# Your objective
Word for word, repeat the data that follows. Do not include the pictures.

# Data extract
=== Begin Enclosure ===
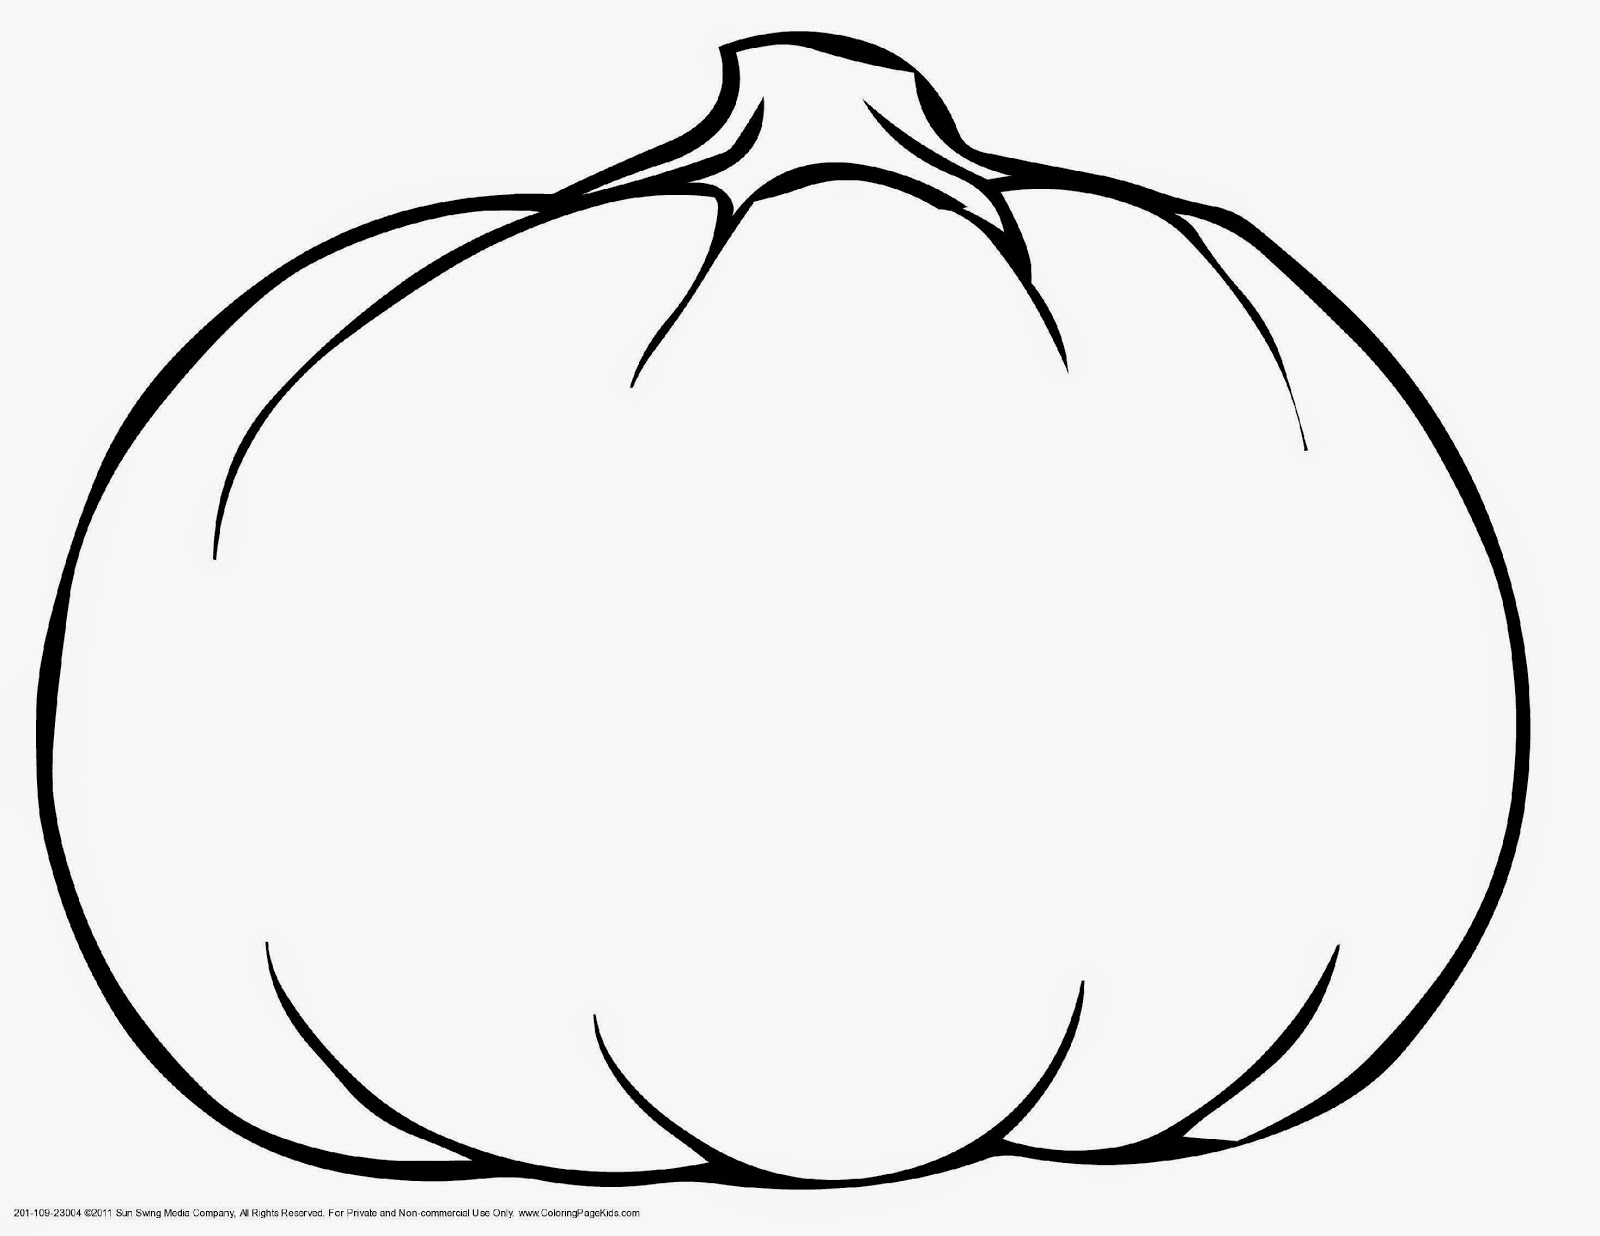 Free Clipart Pumpkin Black And White, Download Free Clip Art.
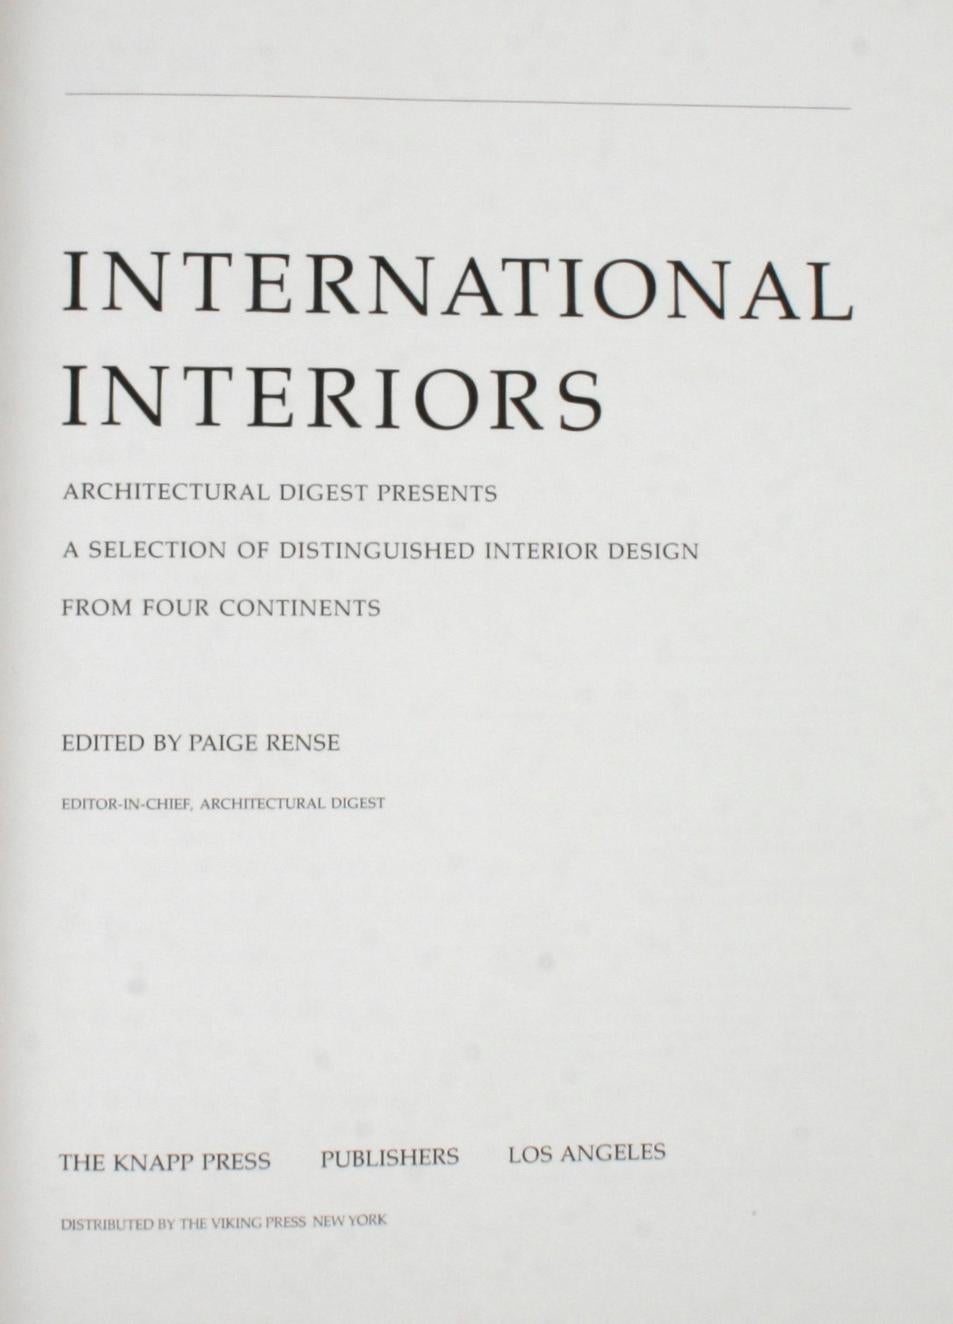 Architectural Digest International Interiors, Stated First Edition. Los Angeles, The Knapp Press Publishers, 1979. Stated first edition hardcover with dust jacket. 287 pp. Selection of international interior design from four continents including a
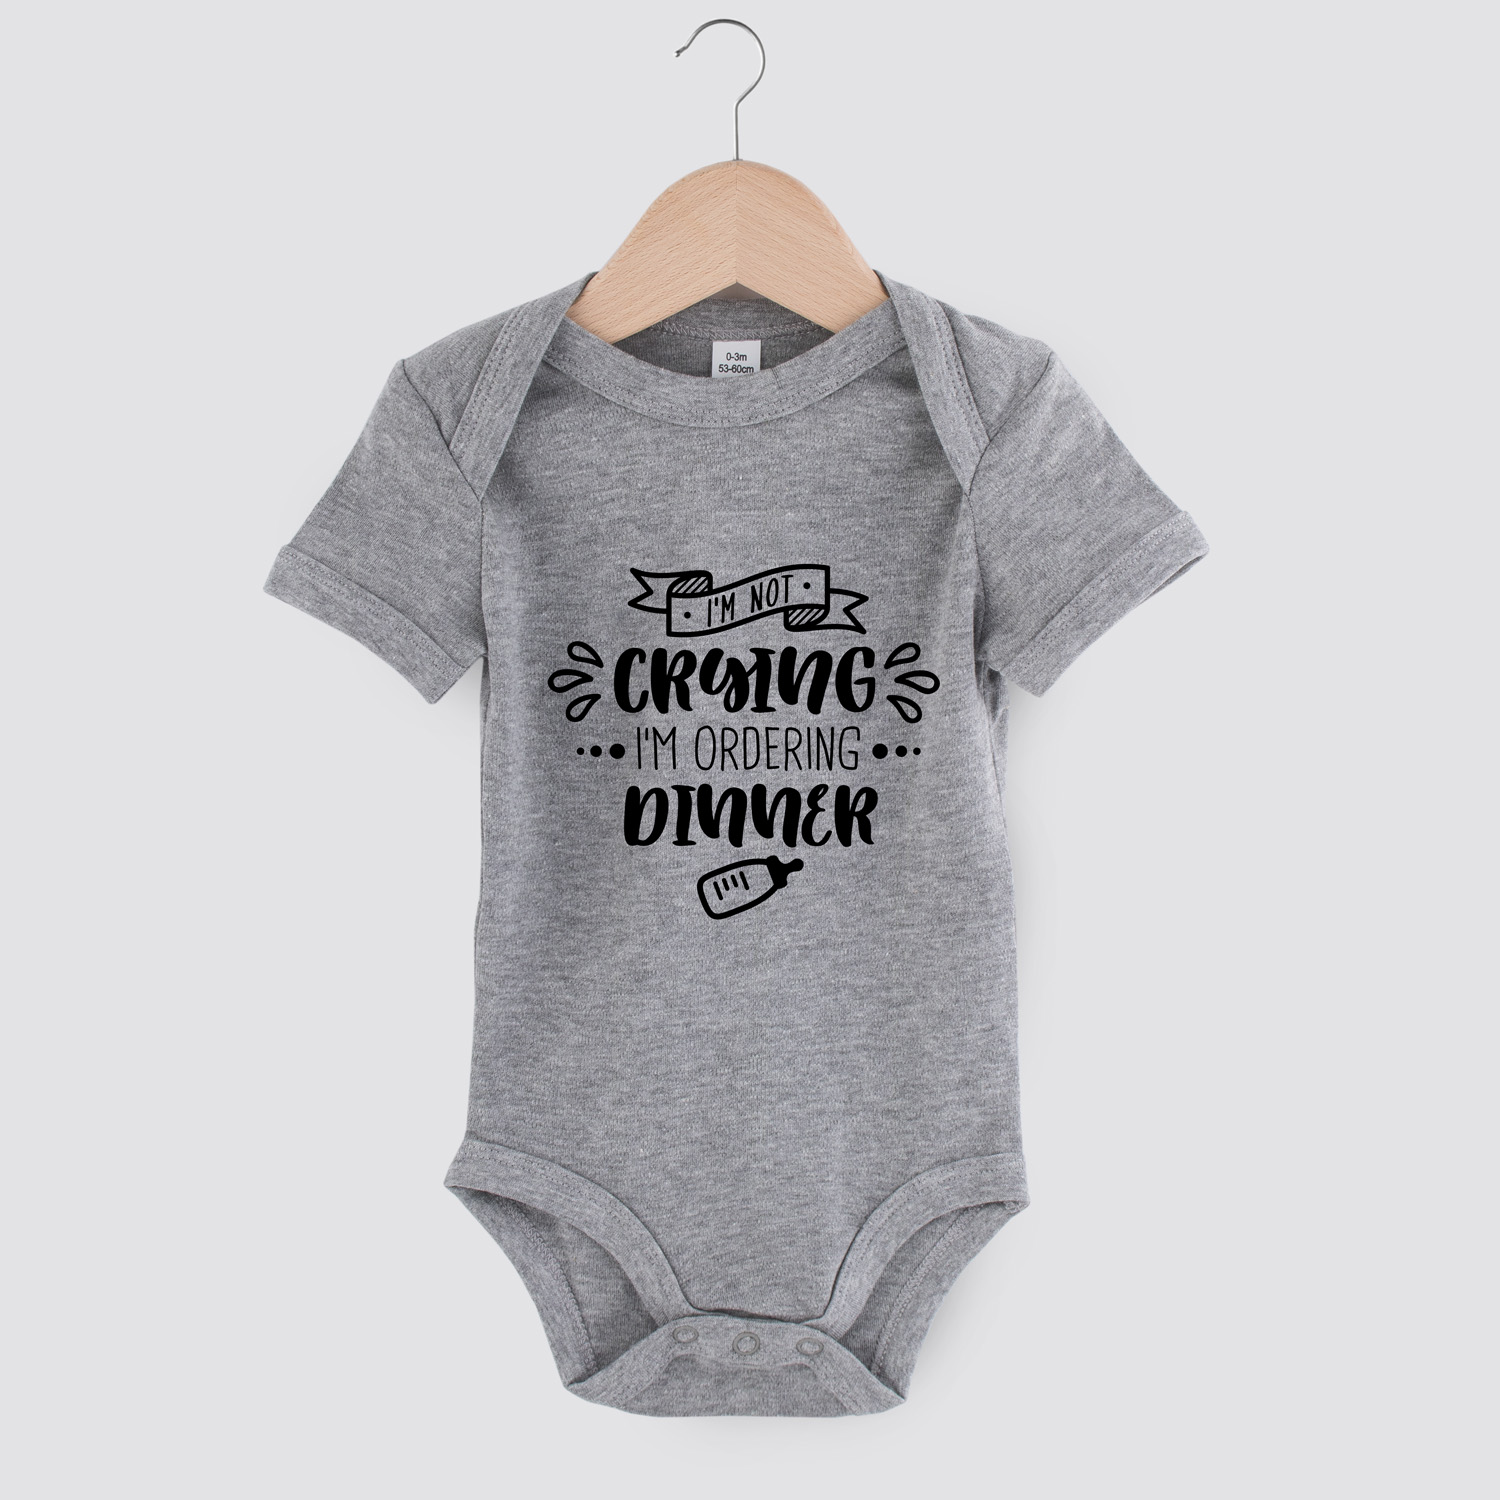 I'm not crying I'm ordering dinner | Baby romper | my fabulous life.
=== End Enclosure ===
# Expected answer
 Free Clipart Pumpkin Black And White, Download Free Clip Art.
 Architectural Digest International Interiors, Stated First Edition. Los Angeles, The Knapp Press Publishers, 1979. Stated first edition hardcover with dust jacket. 287 pp. Selection of international interior design from four continents including a
 I'm not crying I'm ordering dinner | Baby romper | my fabulous life.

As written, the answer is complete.